Apart from the images, the entire listing below must be restated word for word.

• **DATA SECTION**
============================================================
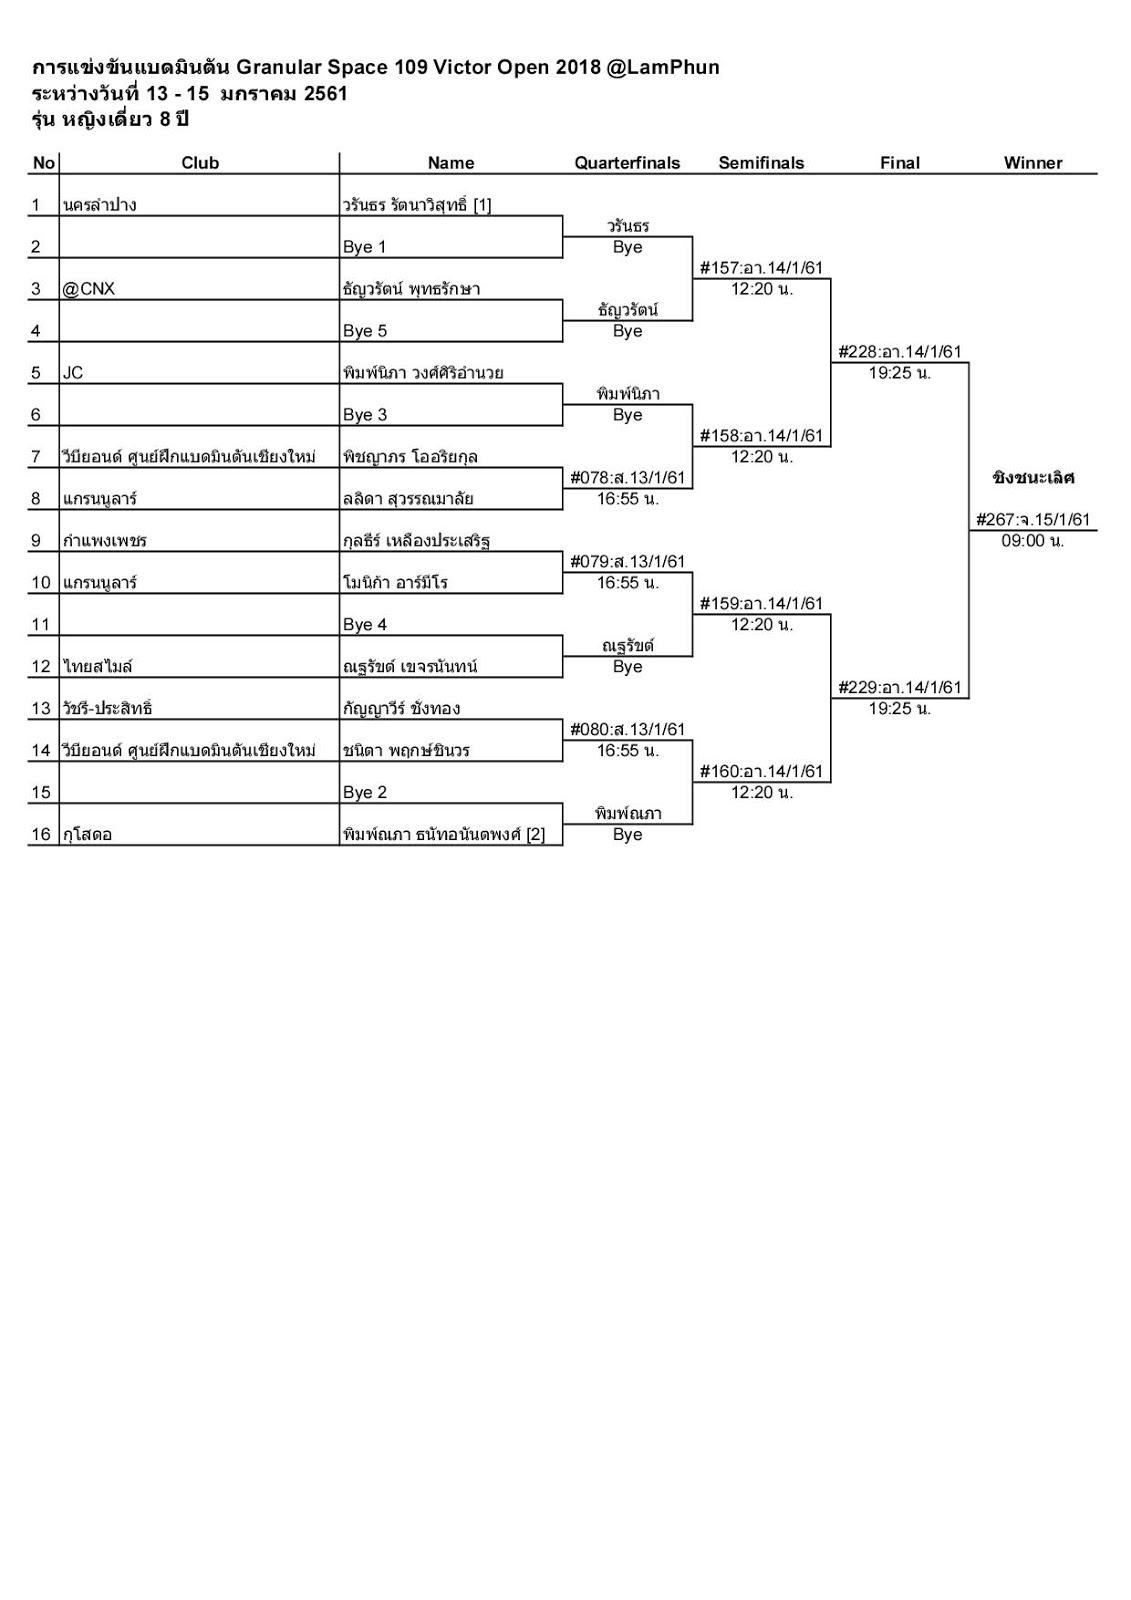 victor badminton 2016 filetype pdf
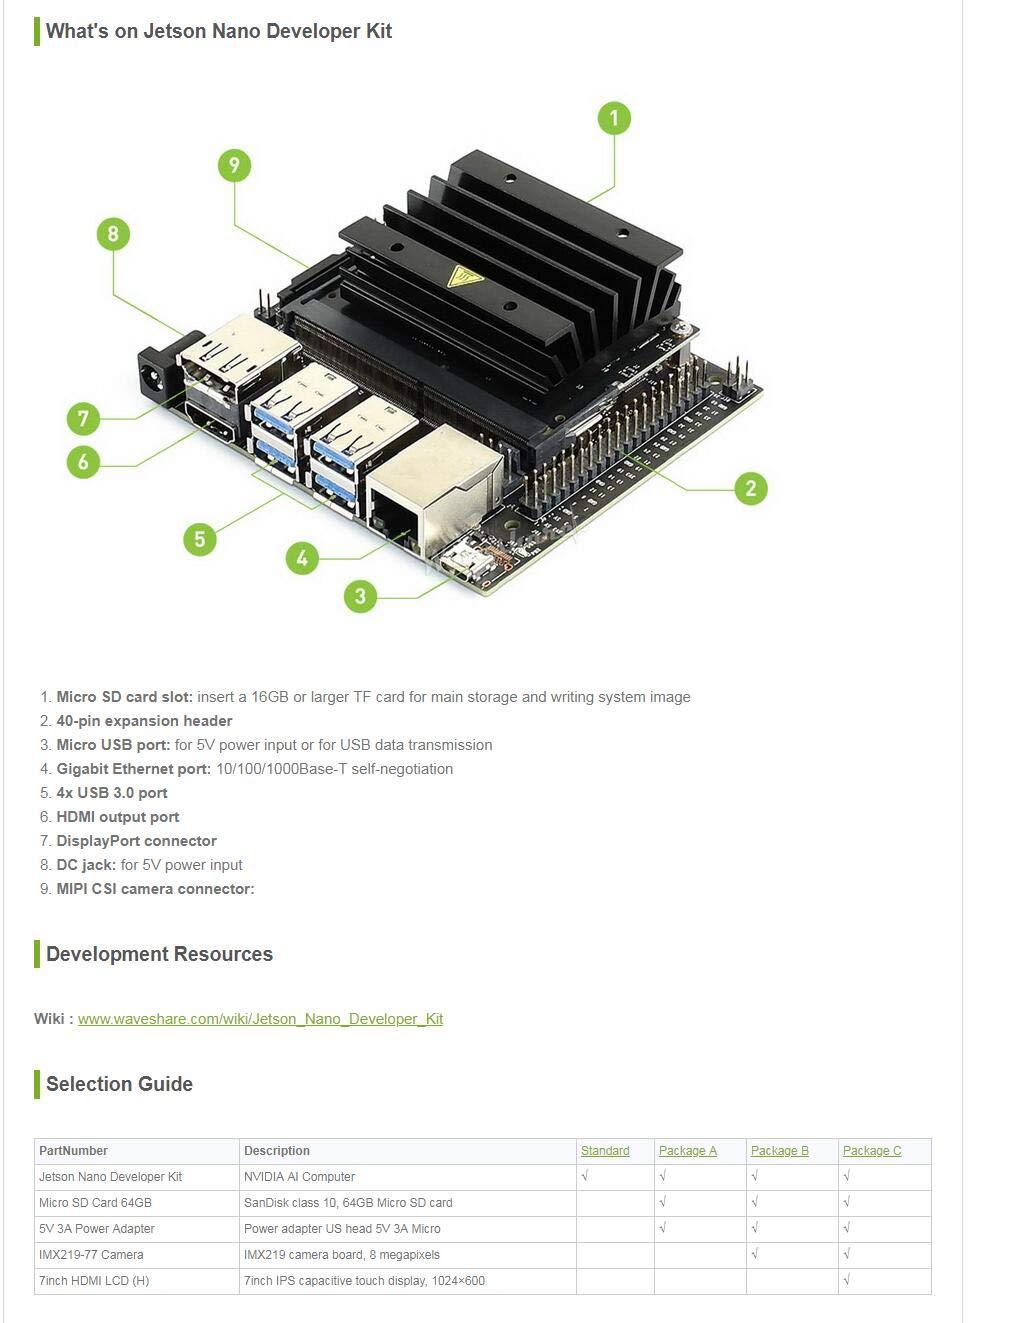 Waveshare NVIDIA Jetson Nano Developer Kit Small Powerful Computer
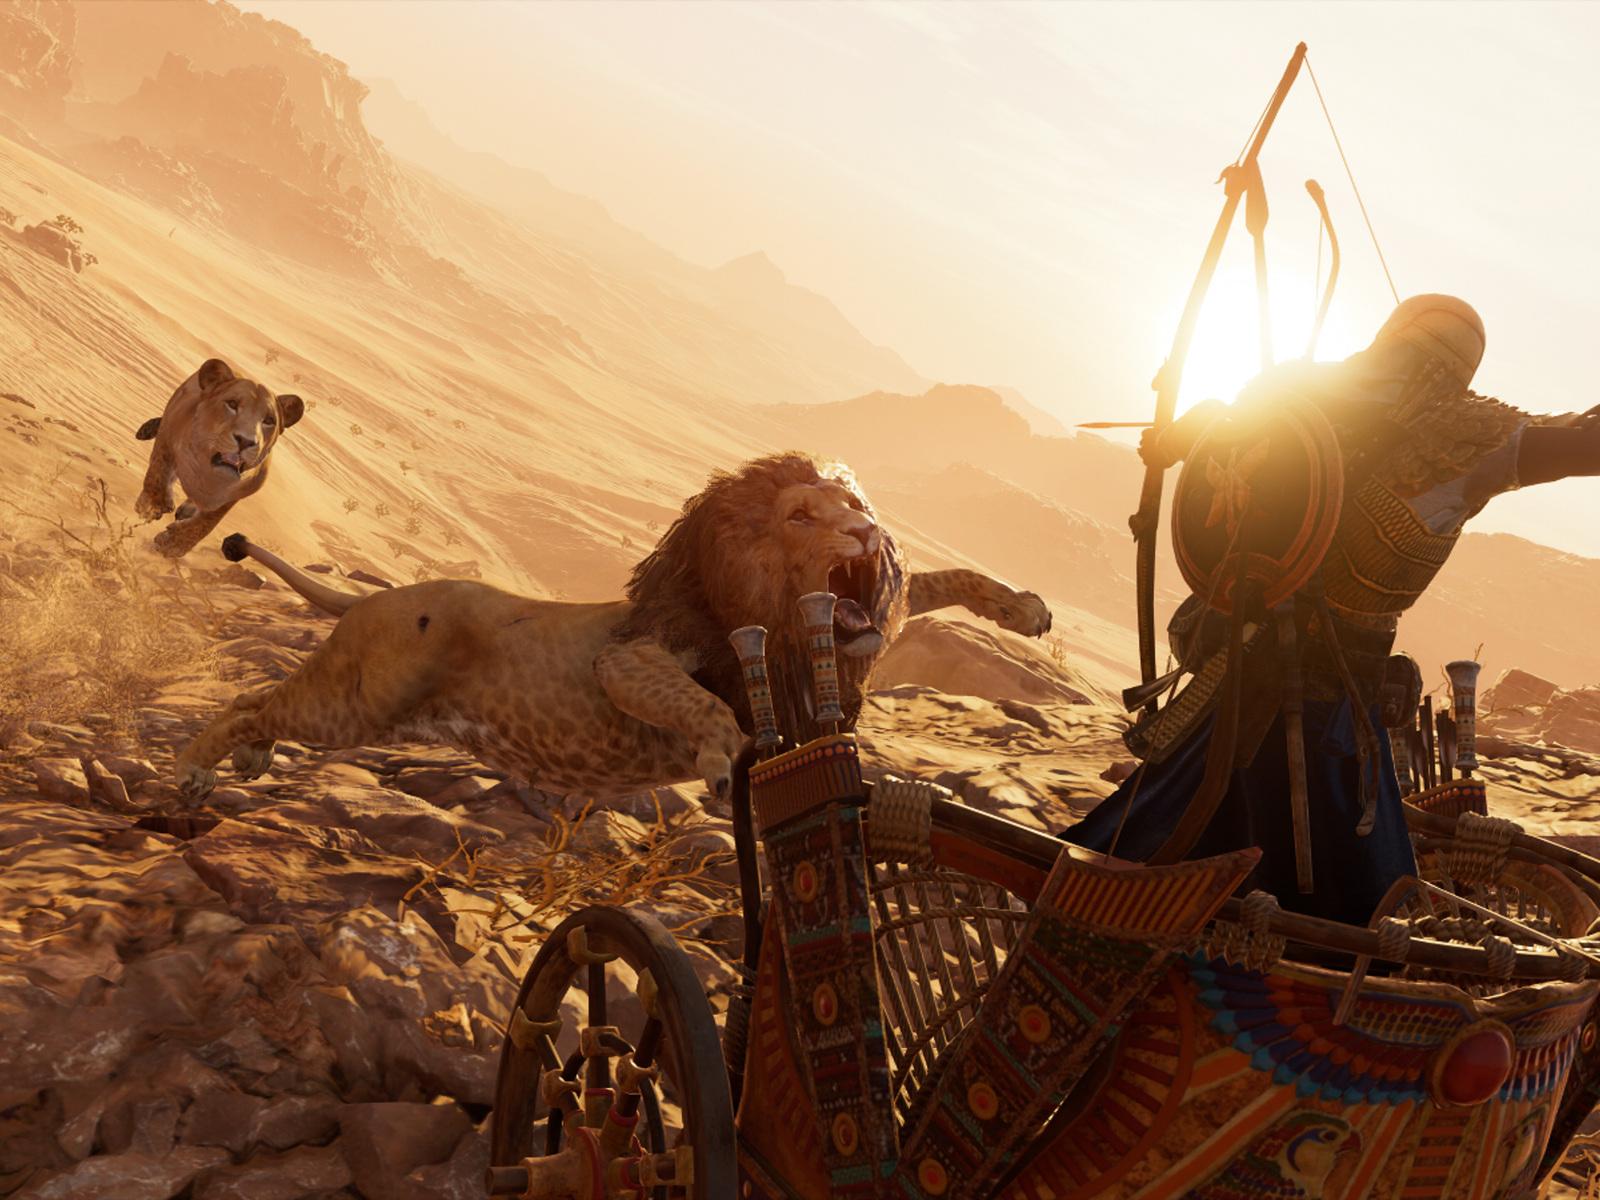 lions-assassins-creed-origins-4k-ui.jpg
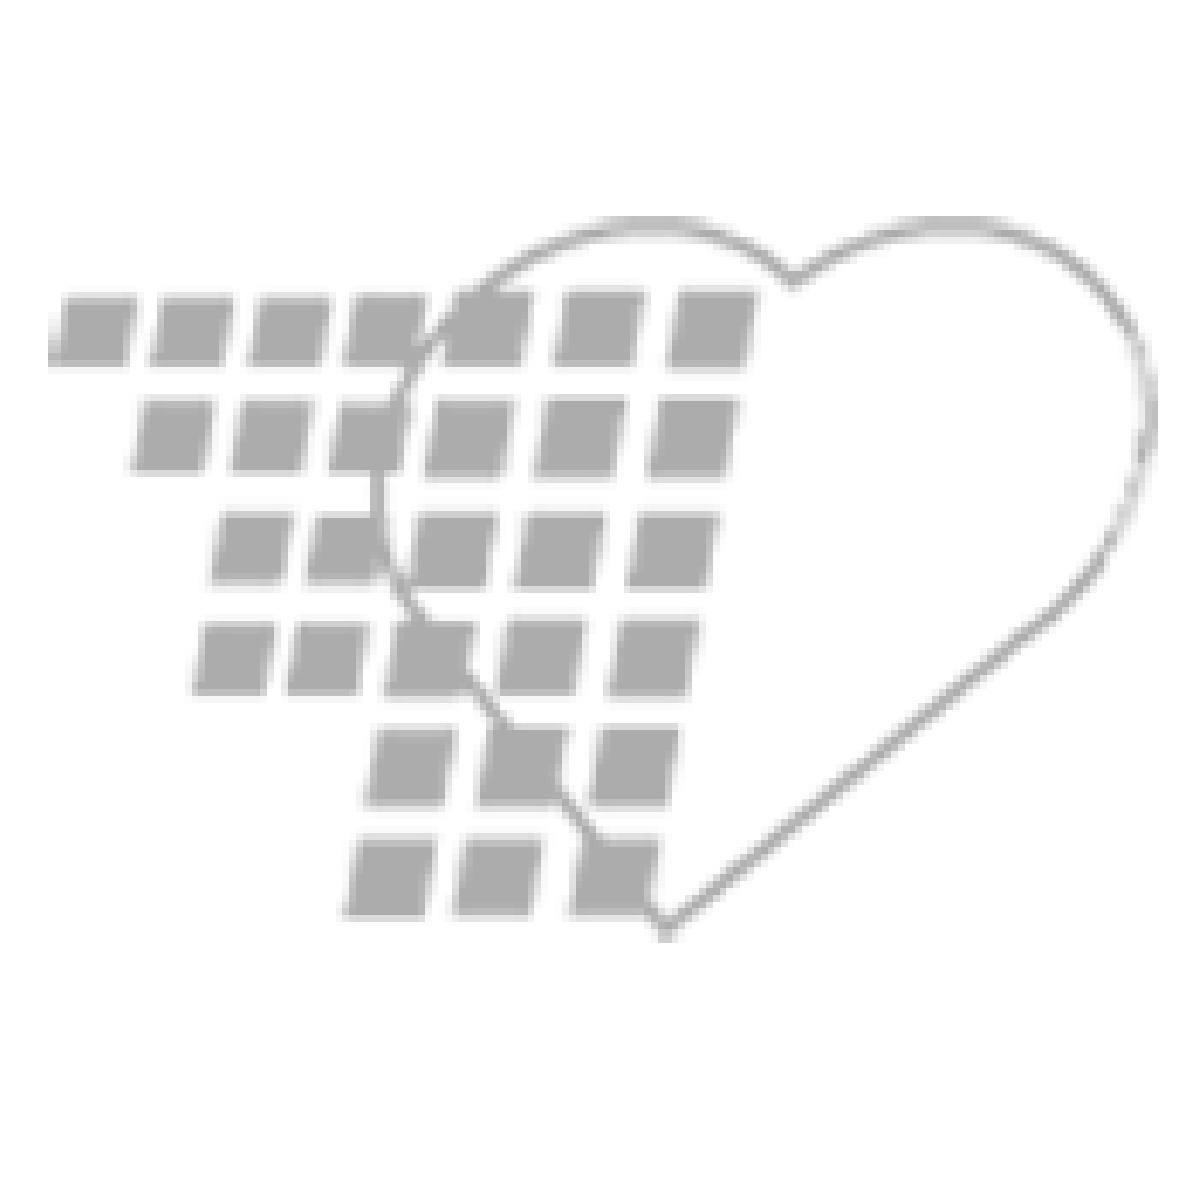 02-38-7109 Bayer Contour® Control Solution
============================================================
• **RESULT**
 victor badminton 2016 filetype pdf
 Waveshare NVIDIA Jetson Nano Developer Kit Small Powerful Computer
 lions-assassins-creed-origins-4k-ui.jpg
 02-38-7109 Bayer Contour® Control Solution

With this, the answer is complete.